L’usage de l’intelligence artificielle dans l’évaluation scientifique n’est plus une hypothèse prospective ni un simple sujet de laboratoire. Il s’impose déjà comme une pratique diffuse, souvent silencieuse, portée par les chercheurs eux-mêmes bien avant que les cadres institutionnels ne soient stabilisés. En croisant l’étude mondiale publiée par Frontiers en 2025 et deux enquêtes récentes de Nature, une réalité se dessine clairement : l’IA progresse plus vite que la gouvernance censée l’encadrer.
L’évaluation par les pairs constitue l’un des piliers historiques de la production scientifique. Elle repose sur une combinaison fragile entre expertise humaine, confiance collective et responsabilité individuelle. Or, cette architecture implicite se trouve aujourd’hui confrontée à un changement d’échelle technologique. Les outils d’IA générative et analytique sont déjà intégrés aux pratiques quotidiennes des chercheurs, non par décision institutionnelle, mais par pragmatisme opérationnel. Ce décalage structurel alimente une tension croissante entre efficacité, intégrité et légitimité.
Un rapport de l’éditeur scientifique international Frontiers,fondé sur une enquête menée auprès de 1 645 chercheurs dans 111 pays, établit un constat sans ambiguïté : 53 % des évaluateurs déclarent utiliser des outils d’IA dans leurs activités de relecture scientifique. Cette adoption n’est pas marginale ni expérimentale. Elle progresse rapidement, avec 24 % des répondants indiquant une augmentation de leur usage au cours des douze derniers mois. L’IA est désormais présente des deux côtés de la chaîne scientifique, à la fois dans la rédaction des articles et dans leur évaluation.
Des usages majoritairement superficiels
Les enquêtes de Nature confirment cette dynamique. Dans un article publié fin 2025, la revue rapporte que plus de la moitié des chercheurs interrogés reconnaissent avoir utilisé une IA lors d’une relecture, souvent sans consignes explicites de la part des éditeurs ou des revues concernées . Cette diffusion informelle montre que l’IA n’attend pas la normalisation pour s’installer.
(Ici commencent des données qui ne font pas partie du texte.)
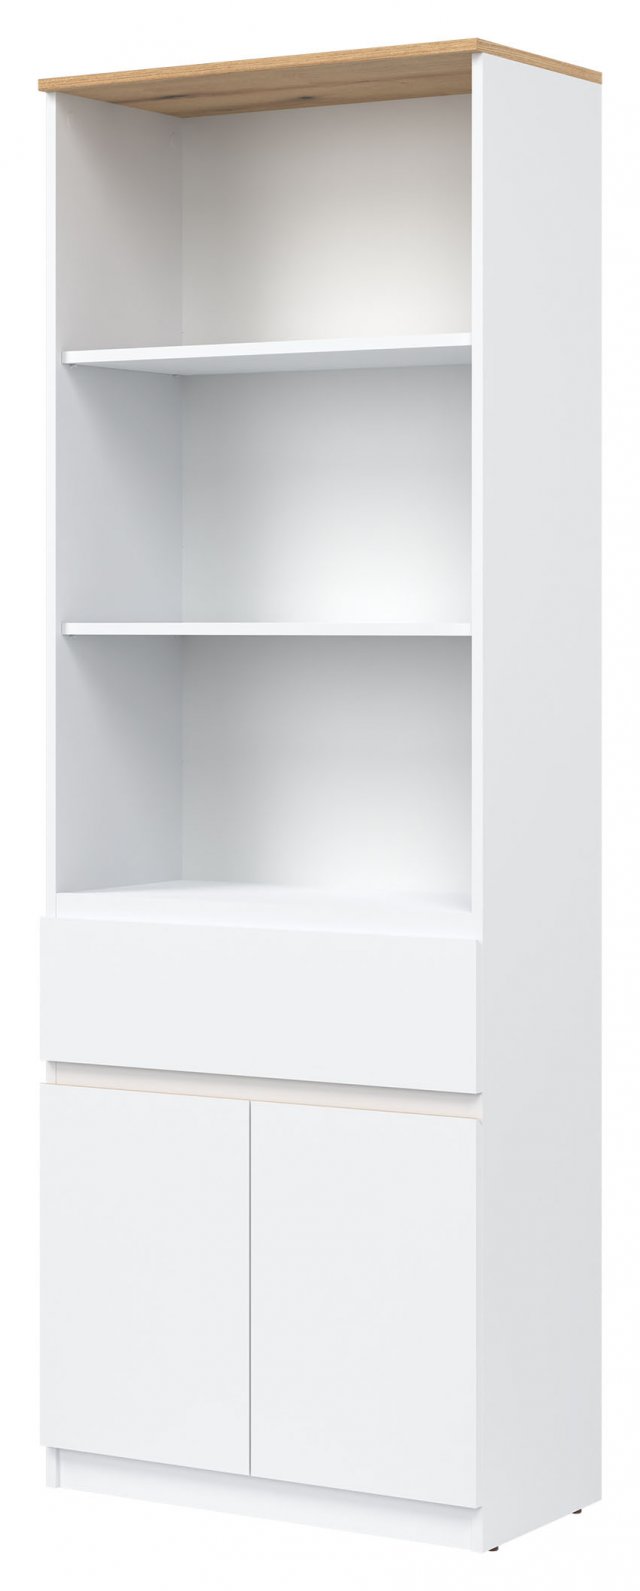 RM- 09 Tall cabinet

Elle s’impose comme un outil de travail, adopté localement, individuellement, parfois en contradiction avec les recommandations officielles.
L’un des apports majeurs du rapport Frontiers réside dans la distinction entre usages de surface et usages analytiques. Aujourd’hui, l’IA est principalement mobilisée pour rédiger des rapports d’évaluation, résumer des manuscrits ou améliorer la clarté linguistique. En revanche, seuls 19 % des évaluateurs déclarent l’utiliser pour examiner la solidité statistique, la méthodologie ou la cohérence scientifique des travaux évalués.
Cette dissymétrie est stratégique. Elle révèle que l’IA est d’abord perçue comme un outil de productivité, non comme un instrument d’élévation de la rigueur scientifique. Nature illustre ce glissement par des cas concrets observés lors de conférences en apprentissage automatique, où une part significative des évaluations aurait été rédigée quasi intégralement par des IA, sans contrôle explicite ni divulgation claire . Le risque n’est pas tant l’automatisation que la banalisation de l’assistance non qualifiée.
La confiance devient le point de friction central
Frontiers met en évidence une contradiction de fond. Si 63 % des chercheurs reconnaissent que l’IA améliore la qualité formelle des manuscrits, 52 % estiment simultanément qu’elle affaiblit la perception d’intégrité des travaux évalués. La qualité perçue progresse, mais la crédibilité recule. Cette tension est amplifiée par un déficit massif de transparence : 76 % des répondants déclarent ne pas savoir si les éditeurs utilisent eux-mêmes des outils d’IA dans leurs processus.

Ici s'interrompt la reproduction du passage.